*Entries provided*:
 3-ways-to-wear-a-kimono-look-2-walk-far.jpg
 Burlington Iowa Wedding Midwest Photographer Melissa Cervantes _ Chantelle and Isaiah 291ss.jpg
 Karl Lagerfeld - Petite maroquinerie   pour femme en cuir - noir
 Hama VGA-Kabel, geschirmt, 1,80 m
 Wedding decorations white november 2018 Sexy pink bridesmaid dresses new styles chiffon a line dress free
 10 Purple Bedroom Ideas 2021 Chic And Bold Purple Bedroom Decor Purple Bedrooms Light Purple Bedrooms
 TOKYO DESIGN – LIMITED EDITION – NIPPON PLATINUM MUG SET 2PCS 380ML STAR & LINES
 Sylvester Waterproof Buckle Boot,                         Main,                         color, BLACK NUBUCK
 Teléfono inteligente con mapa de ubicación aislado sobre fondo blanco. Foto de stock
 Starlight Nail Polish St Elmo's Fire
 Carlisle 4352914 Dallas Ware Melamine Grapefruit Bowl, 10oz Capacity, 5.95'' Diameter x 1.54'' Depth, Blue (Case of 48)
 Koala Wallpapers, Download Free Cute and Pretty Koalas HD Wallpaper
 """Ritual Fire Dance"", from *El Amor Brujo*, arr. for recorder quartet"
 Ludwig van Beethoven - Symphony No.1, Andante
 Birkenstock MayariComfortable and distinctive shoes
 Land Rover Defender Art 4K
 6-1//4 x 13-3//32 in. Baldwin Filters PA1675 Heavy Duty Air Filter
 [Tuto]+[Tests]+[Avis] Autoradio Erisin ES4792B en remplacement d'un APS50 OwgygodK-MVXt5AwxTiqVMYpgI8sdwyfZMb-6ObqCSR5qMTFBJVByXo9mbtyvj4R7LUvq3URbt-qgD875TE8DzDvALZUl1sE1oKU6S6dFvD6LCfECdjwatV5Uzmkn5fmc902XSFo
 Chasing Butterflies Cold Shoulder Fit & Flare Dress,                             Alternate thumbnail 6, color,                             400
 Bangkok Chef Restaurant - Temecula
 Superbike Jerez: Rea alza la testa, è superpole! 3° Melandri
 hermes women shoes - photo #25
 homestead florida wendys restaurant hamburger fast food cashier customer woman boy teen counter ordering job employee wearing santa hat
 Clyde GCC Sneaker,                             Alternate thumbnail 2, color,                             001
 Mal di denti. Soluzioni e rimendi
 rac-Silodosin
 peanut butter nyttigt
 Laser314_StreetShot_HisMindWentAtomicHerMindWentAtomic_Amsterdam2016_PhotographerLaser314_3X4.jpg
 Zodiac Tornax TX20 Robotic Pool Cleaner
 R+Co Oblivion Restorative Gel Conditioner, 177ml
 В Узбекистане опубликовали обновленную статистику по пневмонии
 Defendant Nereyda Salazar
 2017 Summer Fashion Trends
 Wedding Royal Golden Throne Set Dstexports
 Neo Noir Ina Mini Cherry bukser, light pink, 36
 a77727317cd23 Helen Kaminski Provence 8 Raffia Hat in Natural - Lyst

*Try it*:
An exact restatement of the lines from the one with "peanut butter nyttigt" through the last line of the data is the only acceptable answer.

*Problem solution*:
 peanut butter nyttigt
 Laser314_StreetShot_HisMindWentAtomicHerMindWentAtomic_Amsterdam2016_PhotographerLaser314_3X4.jpg
 Zodiac Tornax TX20 Robotic Pool Cleaner
 R+Co Oblivion Restorative Gel Conditioner, 177ml
 В Узбекистане опубликовали обновленную статистику по пневмонии
 Defendant Nereyda Salazar
 2017 Summer Fashion Trends
 Wedding Royal Golden Throne Set Dstexports
 Neo Noir Ina Mini Cherry bukser, light pink, 36
 a77727317cd23 Helen Kaminski Provence 8 Raffia Hat in Natural - Lyst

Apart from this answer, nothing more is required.